Using the data that follows, return exactly the lines from the one that contains "Step into our" through the one that contains "A large Georgian", ends included.

┌─ RECORDS SUPPLIED

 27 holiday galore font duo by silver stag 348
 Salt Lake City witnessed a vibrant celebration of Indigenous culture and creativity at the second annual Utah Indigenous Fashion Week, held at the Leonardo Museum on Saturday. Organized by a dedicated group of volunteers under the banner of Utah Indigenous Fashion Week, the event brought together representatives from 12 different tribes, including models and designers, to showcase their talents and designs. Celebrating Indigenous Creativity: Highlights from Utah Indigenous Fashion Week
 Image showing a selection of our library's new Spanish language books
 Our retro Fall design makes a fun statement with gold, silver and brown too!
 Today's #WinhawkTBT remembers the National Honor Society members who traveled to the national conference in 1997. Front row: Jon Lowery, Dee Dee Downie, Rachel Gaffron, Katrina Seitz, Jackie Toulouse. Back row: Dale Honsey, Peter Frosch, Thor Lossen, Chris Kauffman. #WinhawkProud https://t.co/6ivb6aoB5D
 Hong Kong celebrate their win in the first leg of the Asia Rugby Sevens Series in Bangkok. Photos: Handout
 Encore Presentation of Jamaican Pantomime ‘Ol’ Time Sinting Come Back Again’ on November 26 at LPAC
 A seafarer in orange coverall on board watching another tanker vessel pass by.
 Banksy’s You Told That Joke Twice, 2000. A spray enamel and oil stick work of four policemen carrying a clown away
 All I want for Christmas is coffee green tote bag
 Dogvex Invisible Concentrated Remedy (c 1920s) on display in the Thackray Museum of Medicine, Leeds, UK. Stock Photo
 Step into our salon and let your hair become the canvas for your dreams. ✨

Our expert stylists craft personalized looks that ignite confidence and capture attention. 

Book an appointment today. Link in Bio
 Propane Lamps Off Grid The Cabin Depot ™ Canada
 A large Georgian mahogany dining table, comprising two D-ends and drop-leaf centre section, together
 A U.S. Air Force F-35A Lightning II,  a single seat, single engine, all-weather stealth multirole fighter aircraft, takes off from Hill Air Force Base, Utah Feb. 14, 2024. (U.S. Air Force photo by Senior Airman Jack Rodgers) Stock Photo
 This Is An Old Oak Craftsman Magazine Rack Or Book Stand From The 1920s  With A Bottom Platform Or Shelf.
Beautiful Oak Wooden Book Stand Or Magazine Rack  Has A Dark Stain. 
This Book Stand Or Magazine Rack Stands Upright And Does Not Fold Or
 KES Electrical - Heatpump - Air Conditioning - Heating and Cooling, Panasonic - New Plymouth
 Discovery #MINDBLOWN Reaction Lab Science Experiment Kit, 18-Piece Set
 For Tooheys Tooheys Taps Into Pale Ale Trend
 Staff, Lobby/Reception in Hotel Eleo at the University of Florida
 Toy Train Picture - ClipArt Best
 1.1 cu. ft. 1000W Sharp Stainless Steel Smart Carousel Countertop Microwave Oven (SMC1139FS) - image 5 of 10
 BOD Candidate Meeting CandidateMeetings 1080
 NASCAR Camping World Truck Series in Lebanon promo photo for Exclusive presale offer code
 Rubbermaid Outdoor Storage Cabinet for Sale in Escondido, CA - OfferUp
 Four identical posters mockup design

└─

__WRITTEN RESPONSE__.
 Step into our salon and let your hair become the canvas for your dreams. ✨

Our expert stylists craft personalized looks that ignite confidence and capture attention. 

Book an appointment today. Link in Bio
 Propane Lamps Off Grid The Cabin Depot ™ Canada
 A large Georgian mahogany dining table, comprising two D-ends and drop-leaf centre section, together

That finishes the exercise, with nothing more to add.